■ Try it: For this exercise, write out the full listing that follows exactly and skip its pictures.

:: Collected material ::

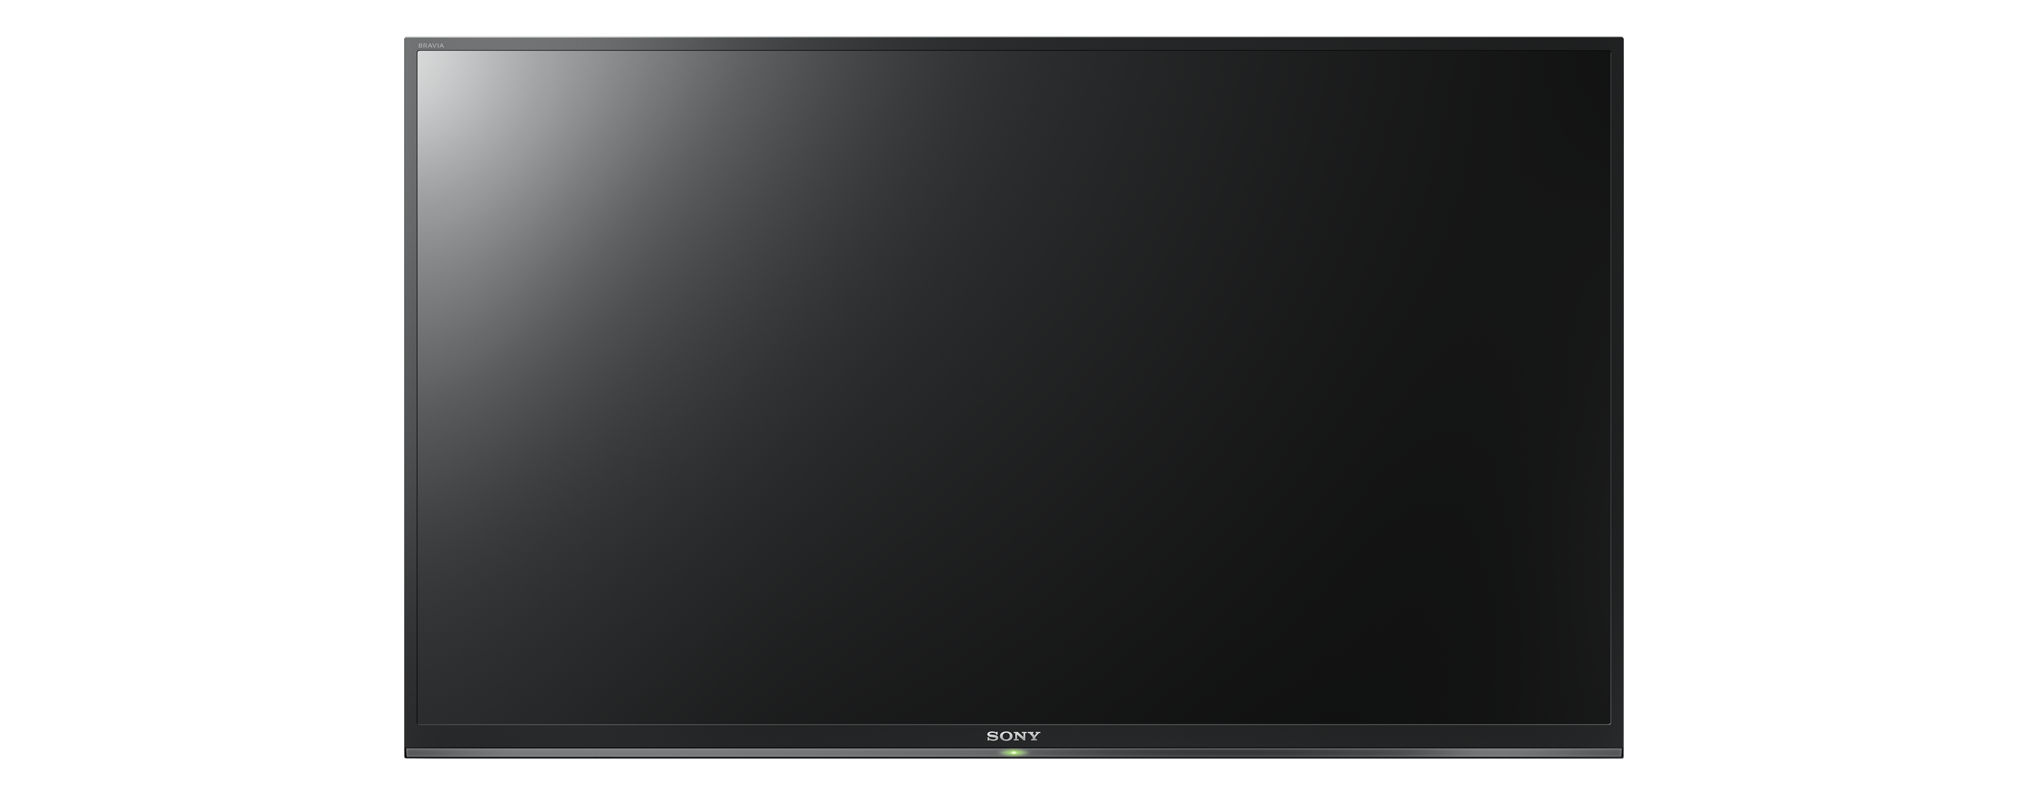 SONY KDL-32W6605 LED cm, 32 Zoll HD-ready, (Flat, TV, / Linux) SMART 80 TV
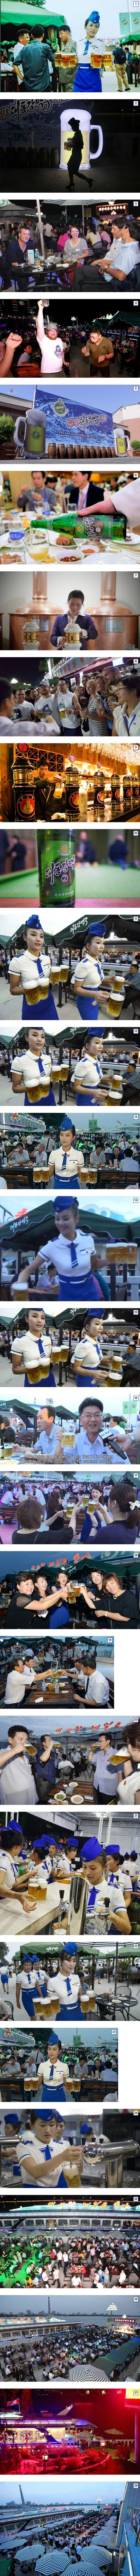 북한 대동강 맥주 축제...jpg
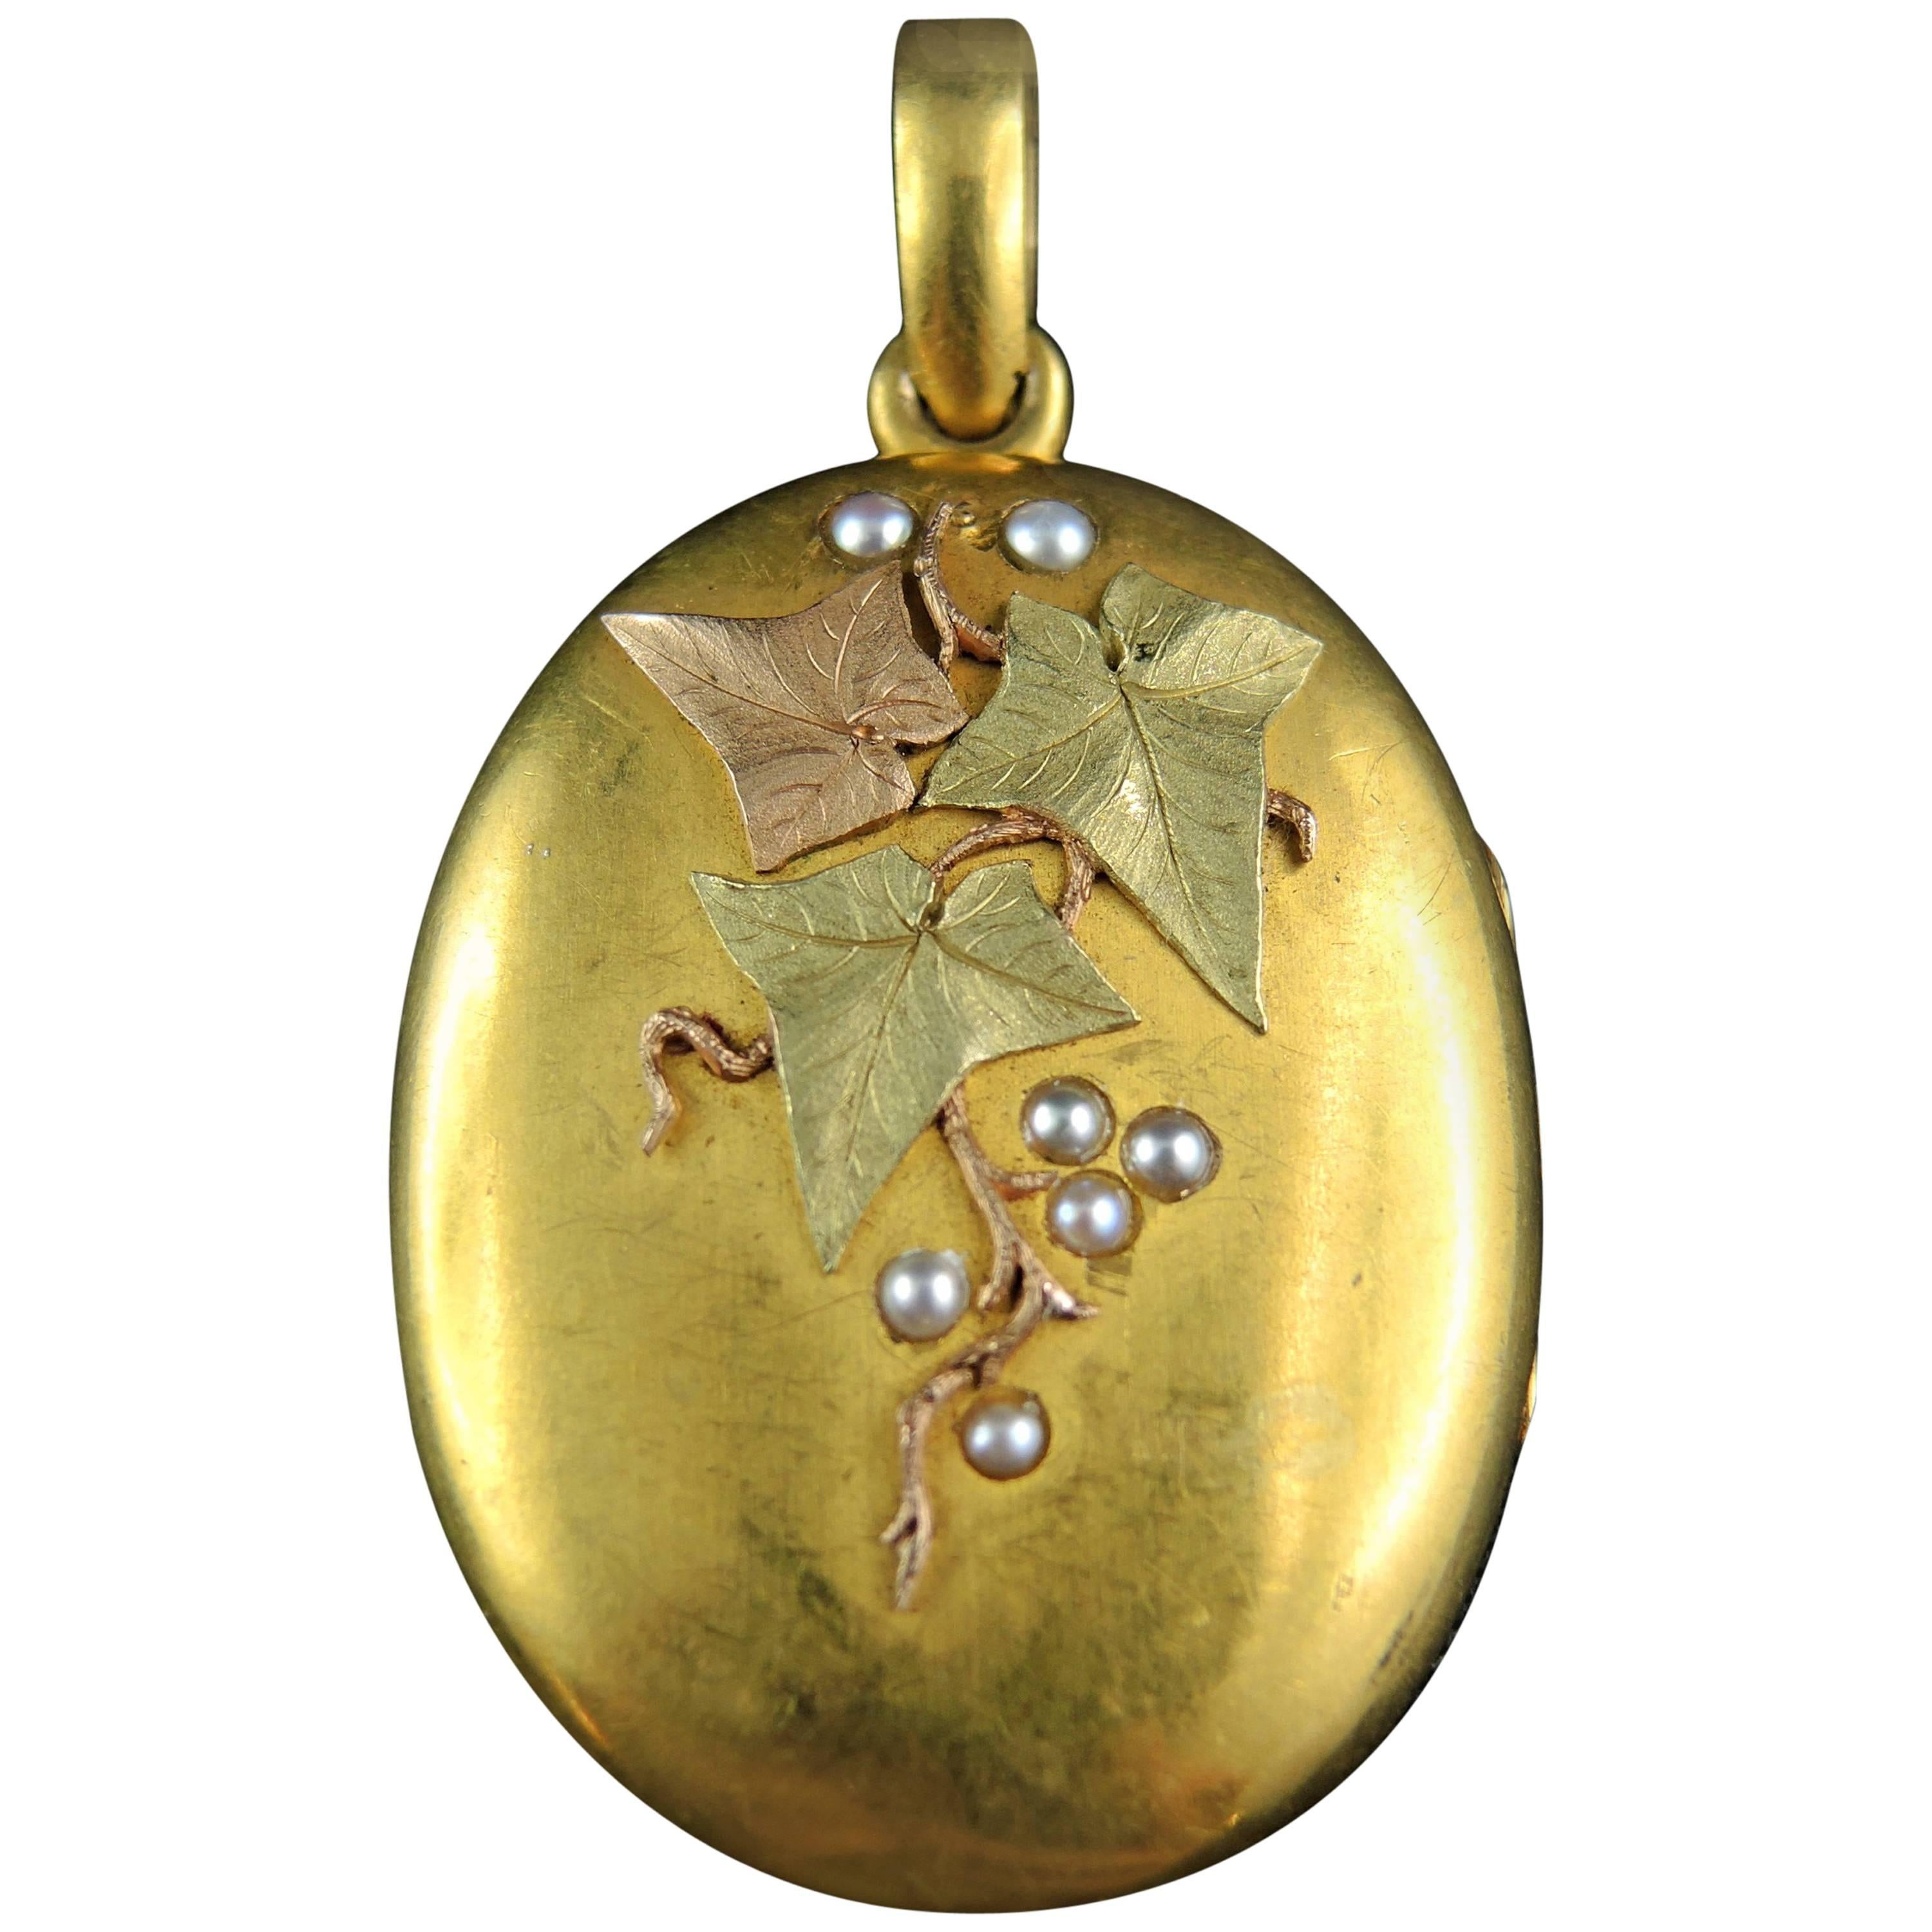 Antique French Gold Locket with Vine Leaf Design

:::

■ Task result:
 SONY KDL-32W6605 LED cm, 32 Zoll HD-ready, (Flat, TV, / Linux) SMART 80 TV
 북한 대동강 맥주 축제...jpg
 Antique French Gold Locket with Vine Leaf Design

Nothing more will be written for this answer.